«El peregrino no es una cifra, es viajero de lo sagrado y transmisor de saberes»

Ignacio Carballo González
ignacio carballo SANTIAGO / LA VOZ

AROUSA

SANDRA ALONSO

Celebra los 25 años de su ordenación episcopal inmerso en la aplicación de medidas para una renovación profunda

04 feb 2018 . Actualizado a las 05:00 h.

Julián Barrio Barrio (Manganeses de la Polvorosa, Zamora, 1946) cumple el próximo miércoles 25 años de compromiso episcopal. Obispo auxiliar con Rouco Varela en 1993 y, tres años más tarde, nombrado arzobispo por Juan Pablo II, su talante conciliador y su cercanía a la comunidad diocesana caracterizan su mandato, que ahora pone en marcha con firmeza importantes cambios derivados de la renovación en la Iglesia católica. «No podemos seguir haciendo lo que siempre se ha hecho, porque las circunstancias son distintas», enfatiza citando al papa Francisco.

-¿Cómo son sus sentimientos en el altar mayor de la Catedral 25 años después?

-Siempre nuevos. Nuestra vida está bordeando constantemente el misterio que siempre sugestiona y sobrecoge. Doy gracias a Dios por el inmenso regalo que son las celebraciones litúrgicas en la Catedral. Es motivo de alegría intuir la fe de tantos peregrinos que se han acercado a la casa del señor Santiago, casa de oración y de perdón. Y no menos me alegra la presencia constante de mis diocesanos.

-¿Es el año santo del 2021 una oportunidad para revitalizar la idea de Europa?

-Sí, estoy seguro de que lo va a ser. No podemos olvidar que Europa nace peregrinando en torno a la memoria del apóstol Santiago. Es mucho lo que desde aquí se puede aportar espiritualmente a la realidad europea. La llamada a volver a las raíces que hizo san Juan Pablo II en esta Catedral sigue vigente. La peregrinación es un programa de regeneración y está íntimamente vinculada a la solidaridad. La Iglesia y Europa se han enriquecido mutuamente con valores que no solo son el alma de la civilización europea sino que también forman parte del patrimonio de la humanidad.

-Usted ha vivido en Santiago cuatro años santos. ¿Ve una evolución en la dimensión espiritual?
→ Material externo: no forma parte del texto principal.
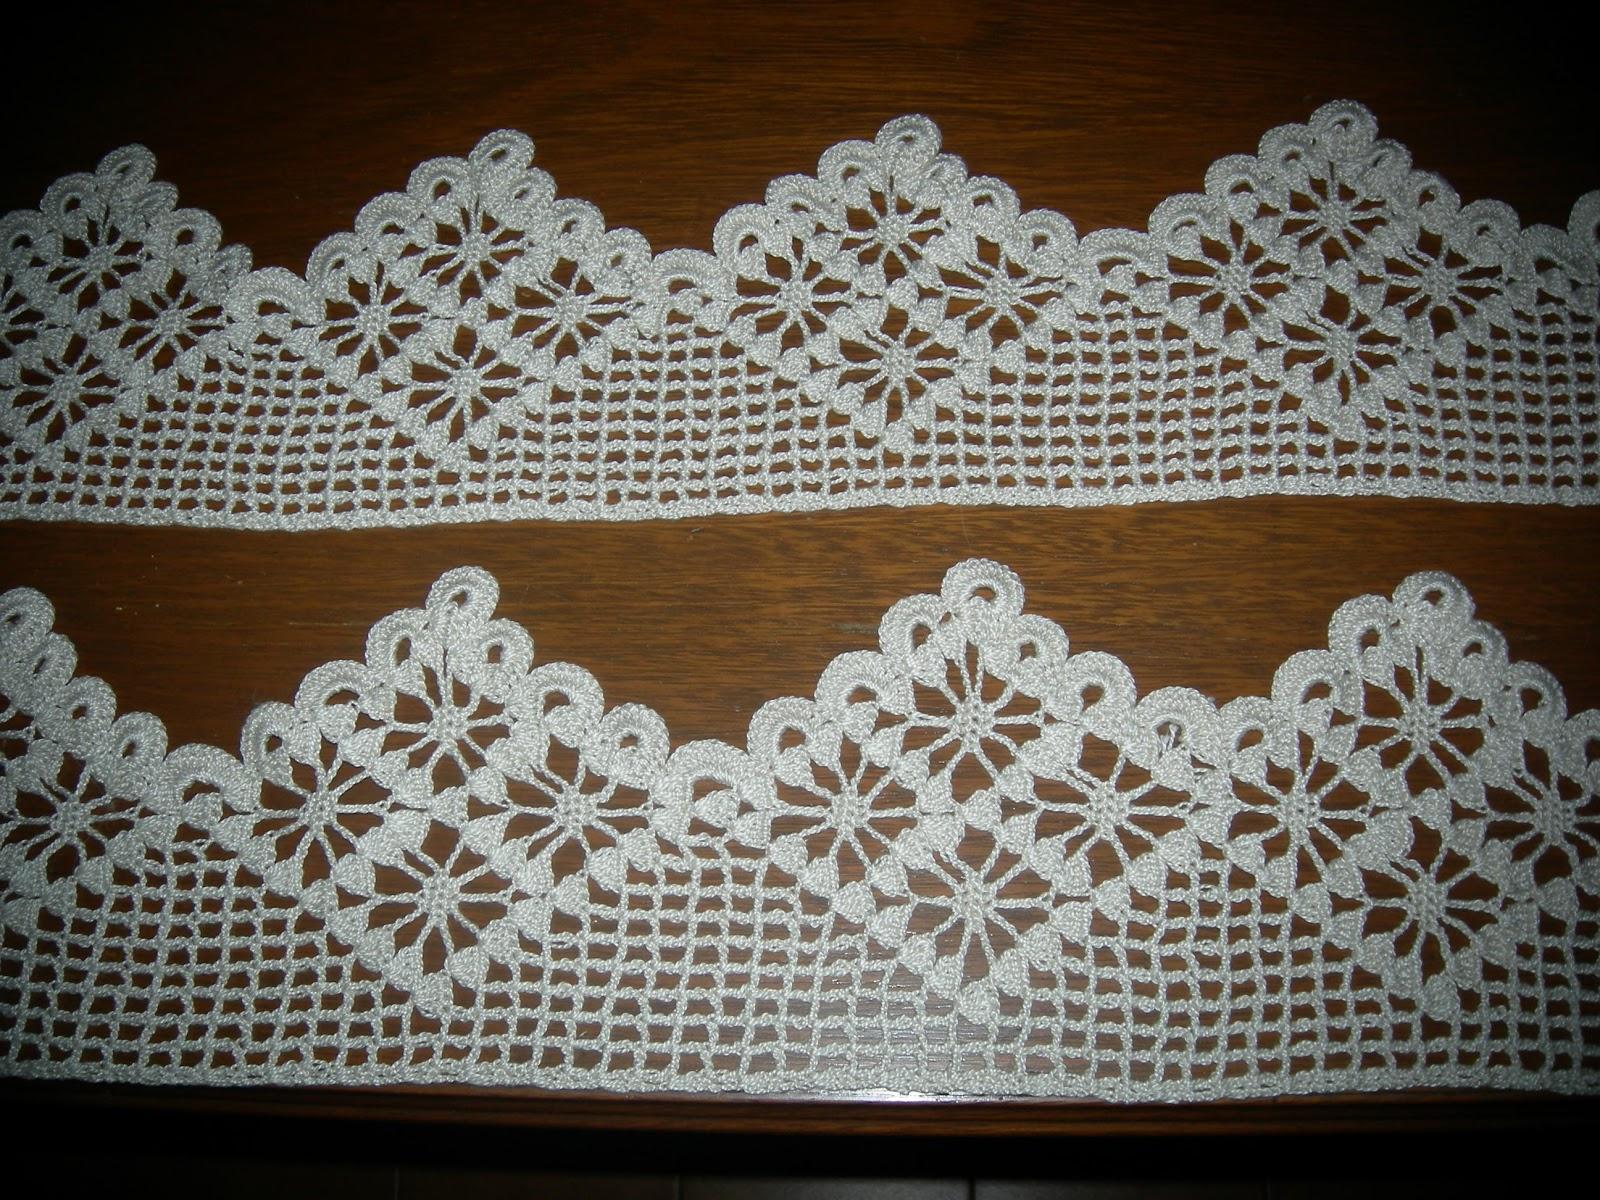 Arte gabrielle tejido crochet ganchillo puntillas en pico - Hacer puntillas de ganchillo ...

-Percibo que hay una mayor conciencia de la dimensión espiritual de la peregrinación. Así lo notamos en la actitud de los peregrinos que participan en las celebraciones litúrgicas y sobre todo en el acercamiento al sacramento de la penitencia.

-¿Teme una banalización tras las cifras récord del Camino?
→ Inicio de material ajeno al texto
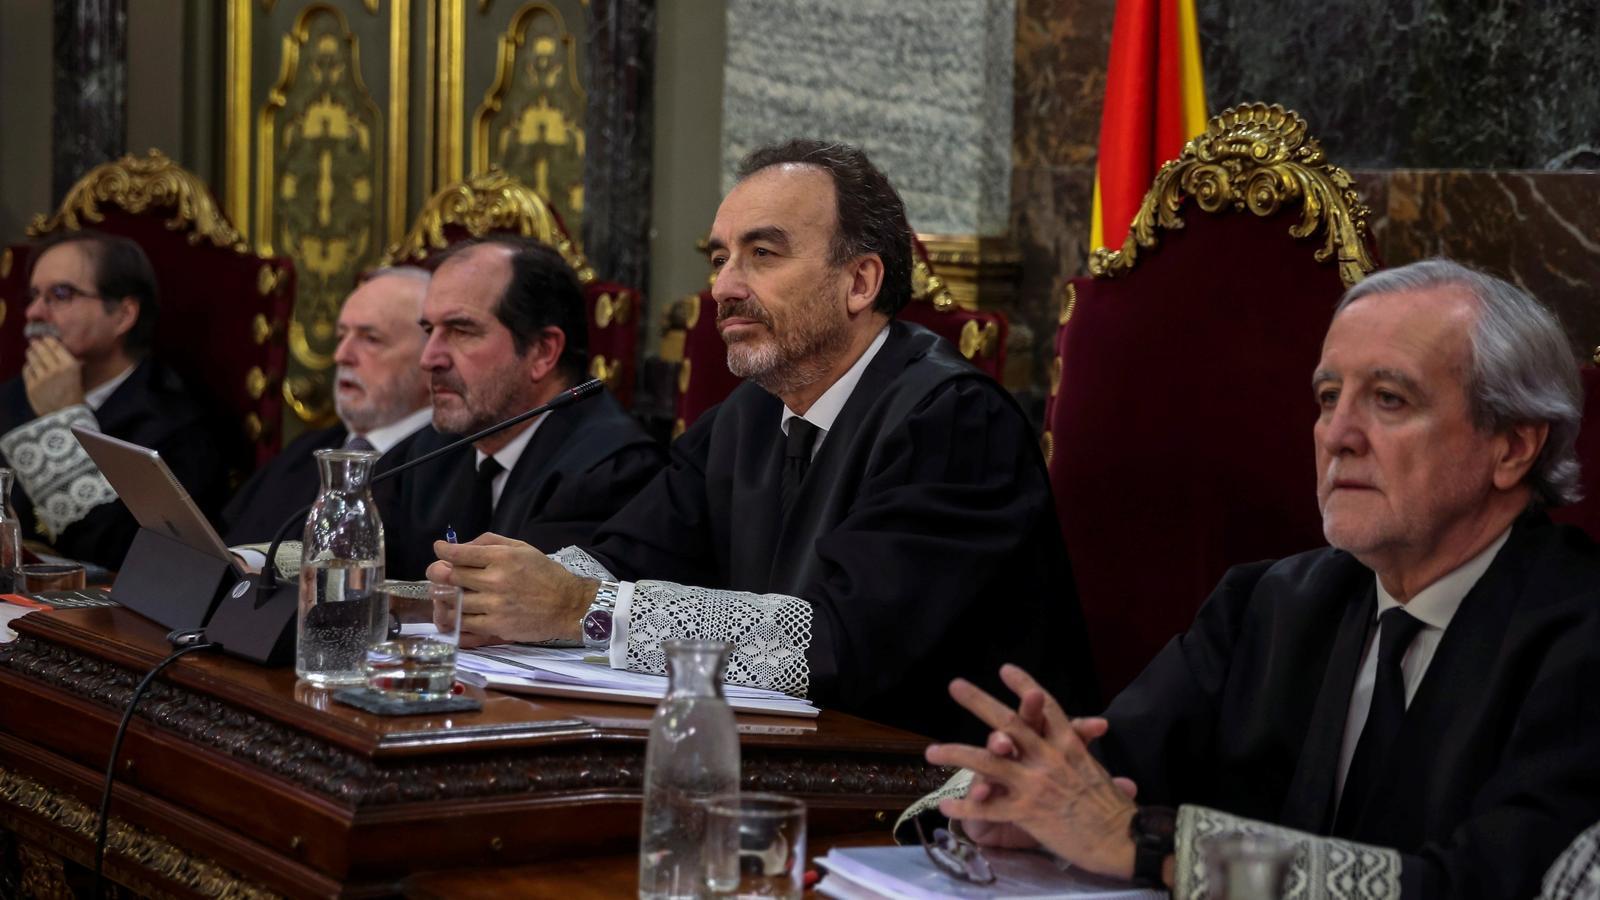 Els polítics seran els primers testimonis després dels presos

-Es una preocupación constante que yo tengo, que el Camino y la peregrinación jacobea no pierdan el sentido con el que nacieron, la dimensión espiritual como llamada a la conversión y regeneración personal. Si fuera de otra manera se convertirían en una realidad inerte. El peregrino no es una cifra, no podemos quedarnos ahí; es un viajero de lo sagrado y un transmisor de saberes.

-¿Hay que endurecer los requisitos para obtener la compostela?

-El Cabildo ha estudiado detenidamente esta cuestión, haciéndose eco de las distintas sensibilidades, y no ha visto motivos para cambiar la práctica actual.

-¿Qué le parece la nueva figura del comisario del Xacobeo?

-En lo que de nosotros dependa, estamos dispuestos a ofrecer colaboración, igual que también la pedimos. Ahora bien, como Iglesia tenemos que ser muy conscientes de lo que es la identidad y la sustancialidad del Camino y de la peregrinación jacobea. Vamos a luchar por que no se diluya esta identidad, que no se entorpezca la dinámica propia de la peregrinación y del Camino.

-¿Cara al 2021 puede reabrirse el debate del cobro de entrada para visitar la Catedral?

-Podría reabrirse, pero nuestra Catedral tiene unas características propias por ser meta de los peregrinos. Esto no quita para que pudieran dar voluntariamente una aportación económica quienes visitan el templo.